1 Introduction
We expect that the Swarm cluster will have many competing priorities for its use. This policy document is written in the hope of minimizing conflicts. Many of the policies will be automatic and enforced by software. We hope this will minimize the load on people. Requests should be sent to system@cs.umass.edu
2 Accounts
• Each researcher laboratory will be a group and will be assigned a Group ID (GID). Resources will be allocated according to groups.
• New users/groups will be added per user request -(contact system@cs.umass.edu). The request should come from the faculty member, or be OKed by a faculty member.
• The procedure for non-CS individuals (who are part of the research laboratories of senior researchers on the grant) may be more complicated and we will try to figure this out as we proceed.

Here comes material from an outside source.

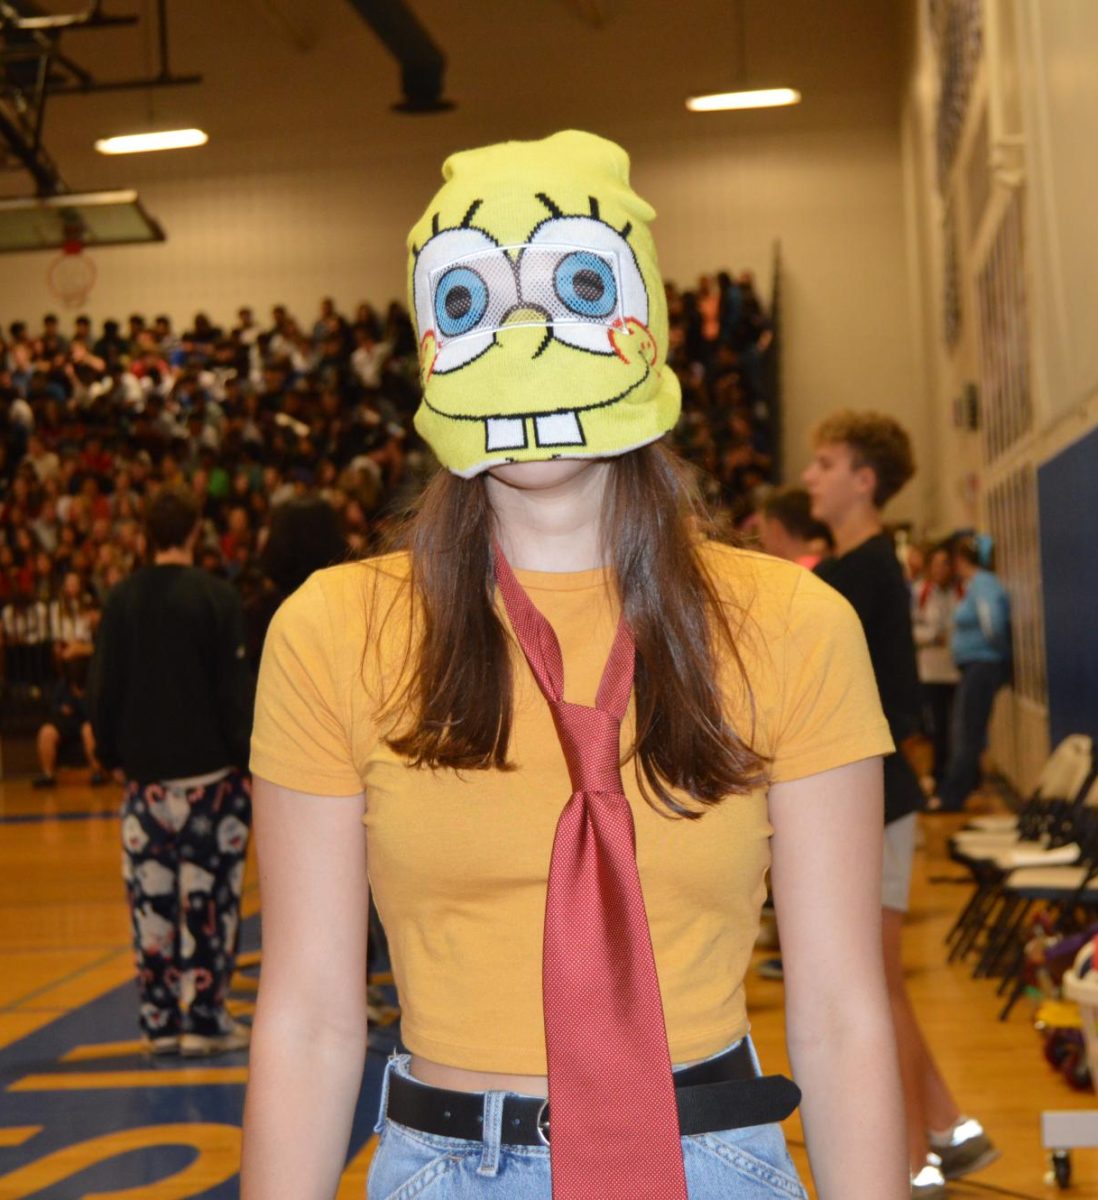 Ellia Nickerson in SpongeBob attire.

• Home Directories: Each user will have 10GB enforced by quotas for home directories which will be backed up. Users are encouraged to store code/non-data files in home directories.
3 Jobs
Jobs will be run in batch mode using partitions (queues). There are 2 partitions:
• defq - Short Jobs: Each job (process on a core) is allowed to run for 12 hours. Jobs that run more than 12 hours will be automatically killed. Note that a user can submit many jobs - each of up to 12 hours duration. Thus by subdividing their work users can run many jobs.
• longq - Long Jobs: Long jobs are limited to 21 days.
4 Priorities
The order in which submitted jobs are assigned to nodes is based on a fairshare priority system. Each faculty member group will be allocated a fairshare value - ie a portion of cluster cpu time. Each user within that group is allocated a subset fairshare value. The fair-share factor serves to prioritize queued jobs such that those jobs charging accounts that are under-serviced are scheduled first, while jobs charging accounts that are over-serviced are scheduled when the machine would otherwise go idle
5 Disk Space
Each research group will be allocated a quota (usually 2Tb) on the work1 disk. While this space will not be backed up often it will not be overwritten. Temporary scratch space of the order of 50Tb is also available in /mnt/nfs/scratch1. This space will be overwritten periodically.
Backup: We recommend users backup their work both in the temporary scratch space as well as any other data they need. Since transfers between LGRC and the CS building are limited to 1Gbps for all clusters, we ask that large transfers are done by taking a USB disk to the cluster site in LGRC (please arrange with system@cs.umass.edu in advance).